Os planos de Fabricio Bloisi, de 37 anos, cofundador da Movile, desenvolvedora de aplicativos de celular e tablets com sede em Campinas, parecem ambiciosos. “Queremos ser melhores do que o Google”, diz Fabricio. A frase reflete o otimismo do mercado de empresas de tecnologia instaladas no interior do estado de São Paulo, um grupo de negócios que atraem investimentos, abrem vagas e pagam bons salários.
A Movile, por exemplo, tem 600 funcionários, cinco escritórios no Brasil, um na Argentina, dois na Colômbia, um na Venezuela e um nos Estados Unidos, no Vale do Silício. Em agosto, a companhia recebeu um aporte de 35 milhões de dólares de um fundo de investimento que tem entre os sócios um dos donos da AmBev, Jorge Paulo Lemann.
A Movile é mais uma empresa nascida dentro da Universidade Estadual de Campinas, a Unicamp, um polo de conhecimento que nas últimas décadas criou a seu redor um ambiente de empreendedores e inovadores nas áreas de computação, química e biotecnologia.
“O interior paulista virou um polo de atração para quem quer estudar nasuniversidades de ponta e sonha em criar empresas milionárias a partir de uma boa ideia”, afirma Fabricio. Hoje, a Unicamp mantém uma rede de 237 “empresas filhas”, nas quais pelo menos um dos sócios se formou na universidade.

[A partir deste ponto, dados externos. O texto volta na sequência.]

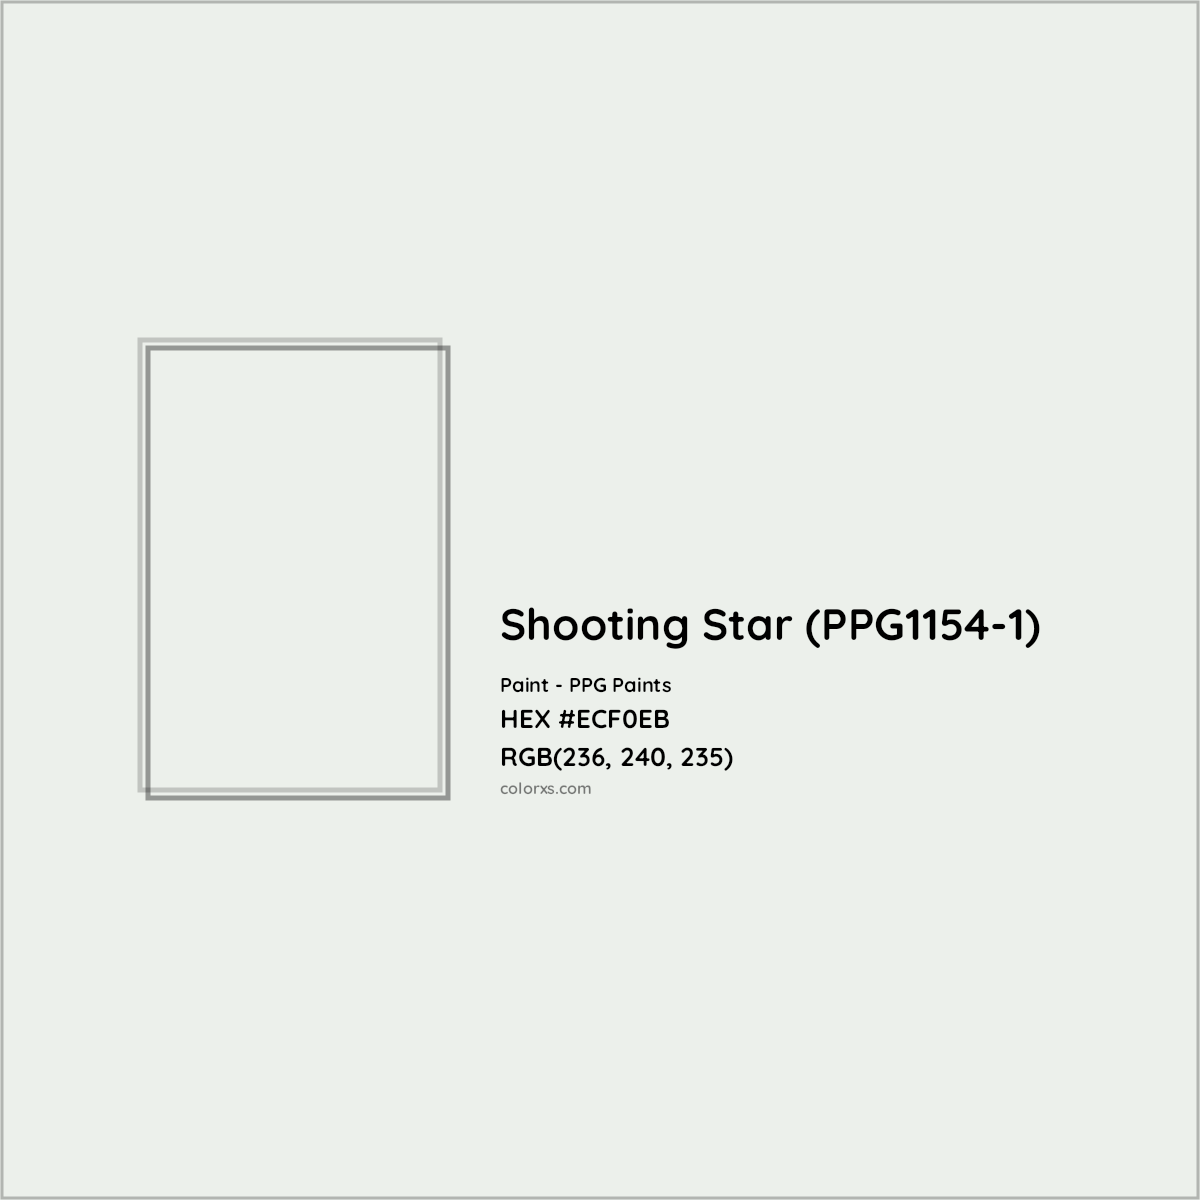 HEX #ECF0EB Shooting Star (PPG1154-1) Paint PPG Paints - Color Code

Juntas, elas geram 15 369 empregos e faturam 1,5 bilhão de reais por ano.
Com a oferta de ocupações de qualidade, os salários estão em ascensão no interior de São Paulo. “Nos últimos cinco anos, os salários tiveram queda de 3,6% na cidade de São Paulo e aumento de 21,7% no interior”, afirma Luís Testa, diretor de pesquisa e estratégia do site de recrutamento Catho.

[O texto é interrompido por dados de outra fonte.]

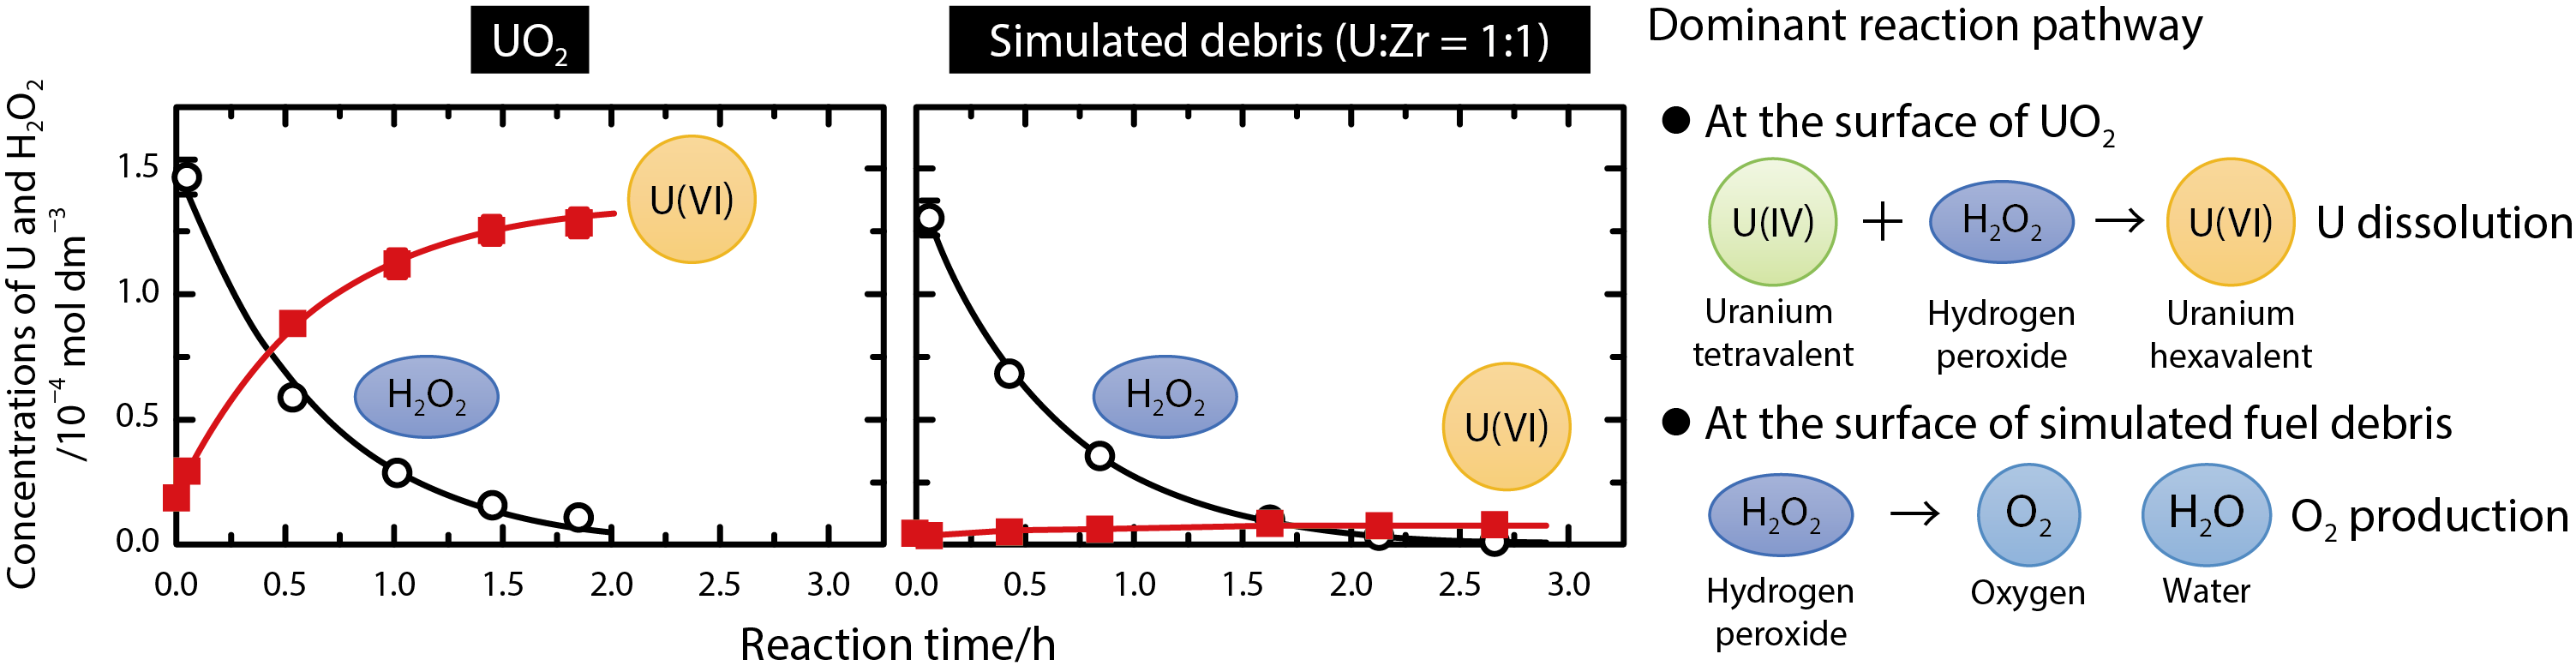 Fig.1-10  Comparison of the H2O2 reaction kinetics between UO2 and the simulated fuel debris

Significa que a diferença de ganho entre os profissionais que trabalham na capital e os que estão fora dela tem diminuído. A Catho registrou em seus sistemas mais de 94 000 anúncios de vagas nas 20 principais cidades da região. Trata-se do lado positivo de um quadro que não é bom para todos. As usinas de açúcar e álcool, que costumam puxar o crescimento do interior paulista, sofreram com a perda de competitividade diante da gasolina, do aumento dos custos de produção e da maior seca da história. Como resultado, a participação da indústria da cana no índice de emprego do estado, que representava 15,4% em 2013, considerando o acumulado de janeiro a setembro, caiu para 7,7% no mesmo período de 2014.
Os números negativos não se traduzem em crise do emprego. “A maior parte das oportunidades, tanto no interior como em todo o país, não está na indústria, e sim em serviços. Esse segmento reúne, inclusive, as unidades de pesquisa e desenvolvimento das indústrias”, afirma o economista Renato de Castro Garcia, professor do Instituto de Economia da Unicamp.

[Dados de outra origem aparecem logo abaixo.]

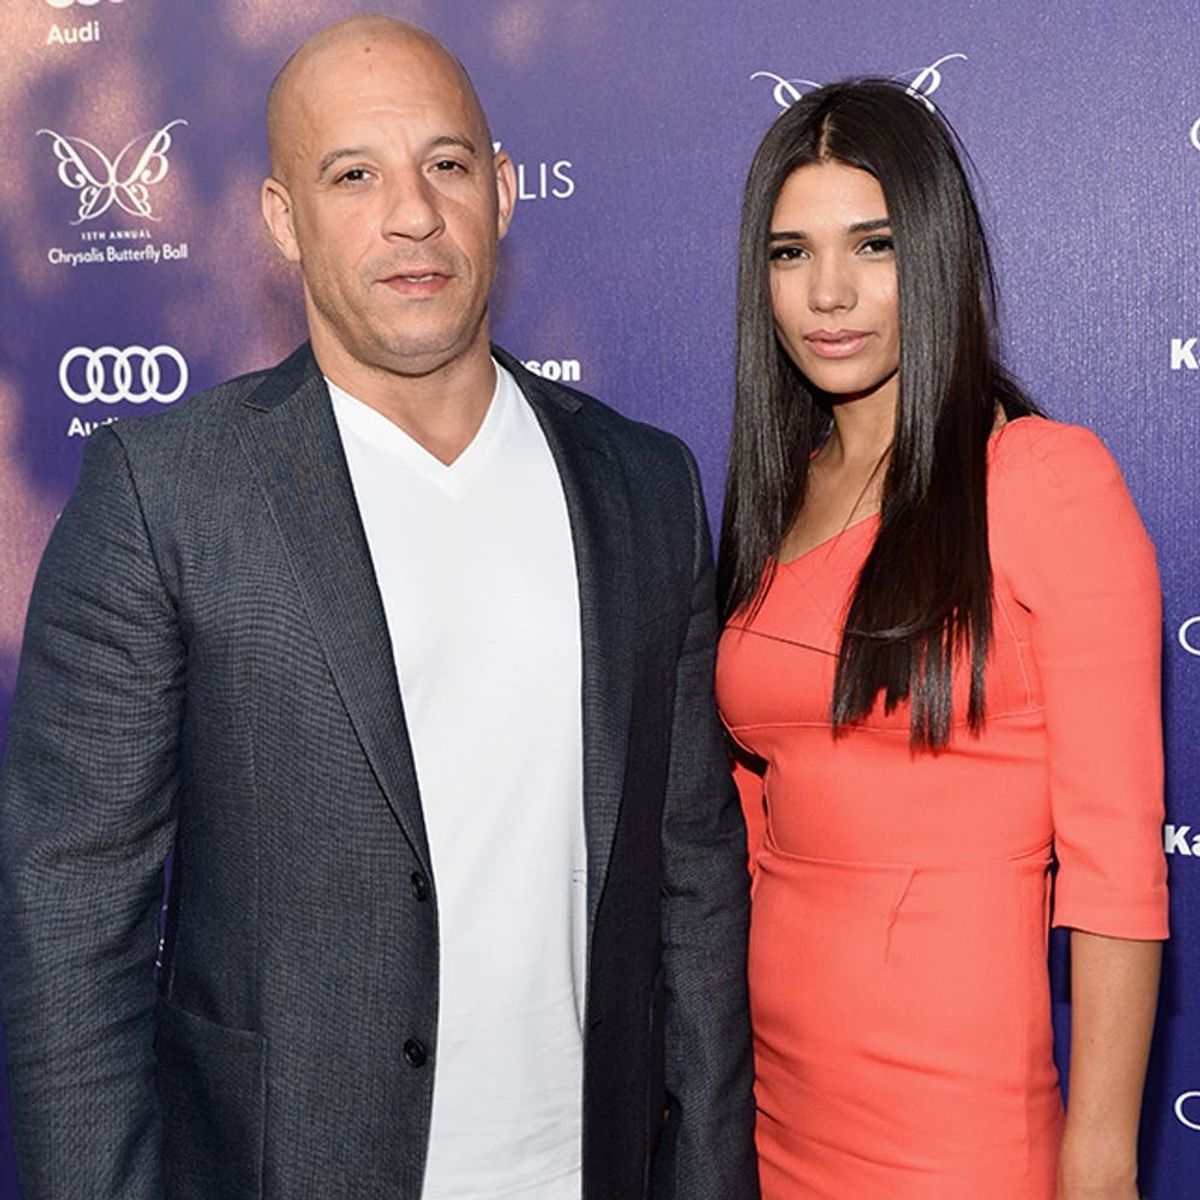 Vin Diesel Is Starting the Most Touching Baby Name Trend Yet

Segundo dados do Instituto Brasileiro de Geografia e Estatística (IBGE) e da Fundação Sistema Estadual de Análise de Dados (Seade), os serviços representam 69% do produto interno bruto do interior paulista. A indústria responde por 29% e a agropecuária por 2%.
Um exemplo vem de outra empresa nascida dentro da Unicamp, a Griaule Biometrics, especializada em serviços biométricos, que venceu uma concorrência internacional de 88 milhões de reais e foi, nas eleições do mês passado, a fornecedora de um sistema antifraude que impediu o eleitor de ter mais de um cadastro biométrico.
A empresa começou em 2005 com dois fundadores e três estagiários. Hoje, tem 30 funcionários e atende clientes importantes, como Santander e Caixa Econômica Federal.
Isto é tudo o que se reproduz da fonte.